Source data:
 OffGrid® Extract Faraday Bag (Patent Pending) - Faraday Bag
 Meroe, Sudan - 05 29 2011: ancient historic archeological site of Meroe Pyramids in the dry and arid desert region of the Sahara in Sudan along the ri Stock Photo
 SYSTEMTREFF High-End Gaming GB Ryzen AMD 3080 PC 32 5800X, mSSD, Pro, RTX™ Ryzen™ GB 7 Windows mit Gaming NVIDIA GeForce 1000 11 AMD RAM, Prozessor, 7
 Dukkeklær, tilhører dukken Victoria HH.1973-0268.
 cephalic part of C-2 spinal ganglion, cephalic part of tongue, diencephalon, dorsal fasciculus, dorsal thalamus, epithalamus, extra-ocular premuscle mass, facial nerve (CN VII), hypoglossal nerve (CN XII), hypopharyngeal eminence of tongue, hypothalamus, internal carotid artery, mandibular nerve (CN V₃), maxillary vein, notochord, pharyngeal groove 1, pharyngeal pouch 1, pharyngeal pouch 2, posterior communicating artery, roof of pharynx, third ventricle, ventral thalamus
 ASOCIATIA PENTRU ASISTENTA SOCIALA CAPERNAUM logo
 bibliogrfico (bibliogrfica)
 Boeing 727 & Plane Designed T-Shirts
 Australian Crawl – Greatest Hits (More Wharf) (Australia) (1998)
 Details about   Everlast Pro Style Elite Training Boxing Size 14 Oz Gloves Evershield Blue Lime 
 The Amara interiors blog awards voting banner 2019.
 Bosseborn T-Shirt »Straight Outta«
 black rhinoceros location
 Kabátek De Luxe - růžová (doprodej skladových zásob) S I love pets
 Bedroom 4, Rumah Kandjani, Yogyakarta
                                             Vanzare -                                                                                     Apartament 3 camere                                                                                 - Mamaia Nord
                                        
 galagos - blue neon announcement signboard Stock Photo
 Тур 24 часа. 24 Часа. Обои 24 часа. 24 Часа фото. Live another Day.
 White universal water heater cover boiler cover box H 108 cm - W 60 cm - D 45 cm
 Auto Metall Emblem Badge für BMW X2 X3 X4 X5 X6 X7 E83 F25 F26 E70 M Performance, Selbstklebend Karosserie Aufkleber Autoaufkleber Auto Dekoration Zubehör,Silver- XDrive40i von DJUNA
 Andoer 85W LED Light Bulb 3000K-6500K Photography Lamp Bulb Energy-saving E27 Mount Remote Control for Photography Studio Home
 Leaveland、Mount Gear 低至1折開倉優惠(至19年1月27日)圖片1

### PROMPT:
Would you set down, word for word, the lines from the opening of the entries above through the line with "galagos - blue", both included, and no others?

### ANSWER BOX:
 OffGrid® Extract Faraday Bag (Patent Pending) - Faraday Bag
 Meroe, Sudan - 05 29 2011: ancient historic archeological site of Meroe Pyramids in the dry and arid desert region of the Sahara in Sudan along the ri Stock Photo
 SYSTEMTREFF High-End Gaming GB Ryzen AMD 3080 PC 32 5800X, mSSD, Pro, RTX™ Ryzen™ GB 7 Windows mit Gaming NVIDIA GeForce 1000 11 AMD RAM, Prozessor, 7
 Dukkeklær, tilhører dukken Victoria HH.1973-0268.
 cephalic part of C-2 spinal ganglion, cephalic part of tongue, diencephalon, dorsal fasciculus, dorsal thalamus, epithalamus, extra-ocular premuscle mass, facial nerve (CN VII), hypoglossal nerve (CN XII), hypopharyngeal eminence of tongue, hypothalamus, internal carotid artery, mandibular nerve (CN V₃), maxillary vein, notochord, pharyngeal groove 1, pharyngeal pouch 1, pharyngeal pouch 2, posterior communicating artery, roof of pharynx, third ventricle, ventral thalamus
 ASOCIATIA PENTRU ASISTENTA SOCIALA CAPERNAUM logo
 bibliogrfico (bibliogrfica)
 Boeing 727 & Plane Designed T-Shirts
 Australian Crawl – Greatest Hits (More Wharf) (Australia) (1998)
 Details about   Everlast Pro Style Elite Training Boxing Size 14 Oz Gloves Evershield Blue Lime 
 The Amara interiors blog awards voting banner 2019.
 Bosseborn T-Shirt »Straight Outta«
 black rhinoceros location
 Kabátek De Luxe - růžová (doprodej skladových zásob) S I love pets
 Bedroom 4, Rumah Kandjani, Yogyakarta
                                             Vanzare -                                                                                     Apartament 3 camere                                                                                 - Mamaia Nord
                                        
 galagos - blue neon announcement signboard Stock Photo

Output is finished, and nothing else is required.